London, 15 July 1932

CABINET

IRISH SITUATION COMMITTEE

Meeting with Mr. de Valera on Friday, 15th July. Note by the Lord Chancellor

The attached note of the meeting with Mr. de Valera on Friday, the 15th July, was prepared by the Attorney General, and has been approved by the Prime Minister.

(Initialled) S.1

INTRODUCTORY NOTE

Conversations took place between the Prime Minister and Mr. de Valera on 15th July in accordance with suggestions made to him on the previous night by Mr. Norton.2

Mr. de Valera reached London at 5.50 p.m. and the meeting was appointed to take place at 7.30 p.m.

At 7.30 a telephone message was received that Mr. de Valera was not prepared to come to Downing Street unless he was to see the Prime Minister alone, as he had had no conversations with his own colleagues. The Prime Minister sent a reply that he could not see Mr. de Valera unaccompanied by any of his colleagues, and he suggested that the Lord Chancellor and the Attorney General should be present with him. Mr. de Valera replied that he would not come unless he could see the Prime Minister alone, at any rate in the first instance. The Prime Minister thereupon agreed to receive him alone in the first instance, and Mr. de Valera reached Downing Street about 7.50 p.m.

NOTE OF DISCUSSION

The Prime Minister and Mr. de Valera had a conversation alone for about a quarter of an hour. The Lord Chancellor then joined them. About 8.30 p.m. the Prime Minister called the Attorney General into the room.

The Prime Minister stated that it was clearly understood that the conversations were to be without prejudice. He also rebutted a suggestion made by Mr. de Valera that the Prime Minister had sent for him to come to London. The Lord Chancellor asked Mr. de Valera a number of questions with regard to the new proposal for a commission of four persons. Mr. de Valera, in dealing with that part of the proposal referring to negotiation for a settlement after the Commission had reported, said that he had no doubt the British Government were under the impression that by the action they were taking they would force Mr. de Valera to have a General Election with the result that a new Government would be substituted for the present one. The British Government were making, on this occasion, as often in the past, a profound mistake; the Irish people were in a resolute mood and there was no intention on his part of having an Election, nor any likelihood of any change in popular feeling, which at present strongly supported him.

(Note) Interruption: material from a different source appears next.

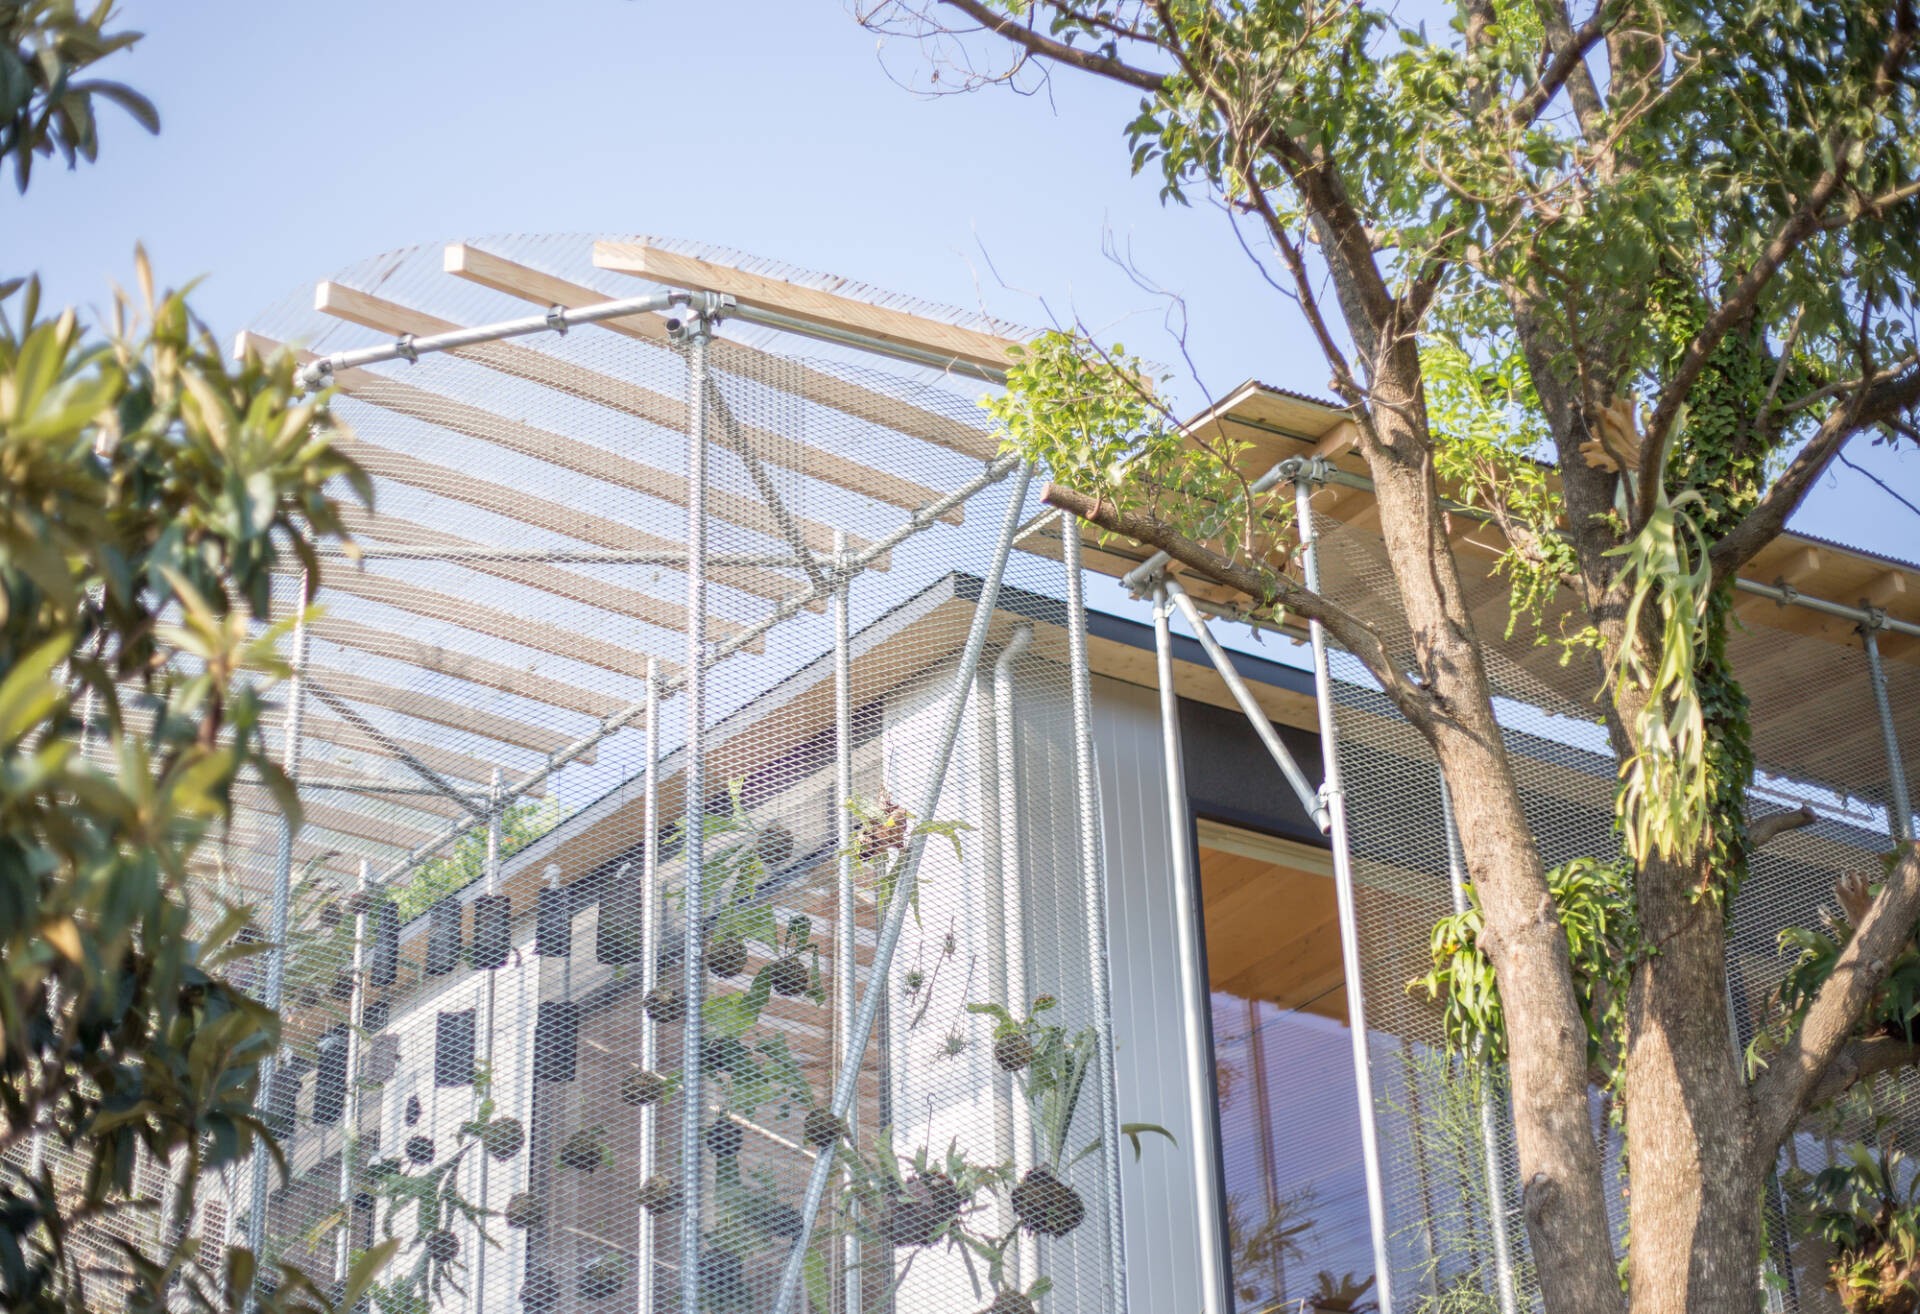 
Phần mái nhà kính được làm từ chất liệu trong giúp cho ánh nắng chiếu qua, phù hợp với các loại cây trồng nhiệt đới

The discussion then passed to a consideration of the proposal for arbitration. Mr. de Valera expressed the opinion that no question of principle was involved, and by way of illustration of his contention that an Empire tribunal was not obligatory, he referred to a statement made in the course of one of the debates to the effect that if Canada and Australia chose to arbitrate before a non-Empire tribunal they were perfectly free to do so. The Attorney General intervened to say that, as he saw it, apart altogether from the question of the effect of the Imperial Conference, 1930, the question of principle at stake was whether the British Government could possibly take a step which would lend colour to the suggestion made by Mr. de Valera that if the matter were referred to an Empire Board the dice would be loaded against the Irish Free State Government. This he thought would be a slur upon the Members of the Commonwealth to which the British Government could not be expected to make themselves a party. Mr. de Valera replied that he understood the Attorney General's point, but he did not think that there was much in it. However, he recognised that unless one of the two parties was prepared to recede from the position taken up as to the constitution of the tribunal there was a deadlock. He added that even if there was a name within the Empire which would be acceptable to him he could not now possibly propose or accept such a name, as it would be said that he was going back upon his demand for freedom of choice. As a matter of fact, he had no such name in mind. He and his Ministers had not the same opportunity of becoming familiar with persons of high judicial standing within the Empire or, for that matter, outside the Empire, as the British Government had.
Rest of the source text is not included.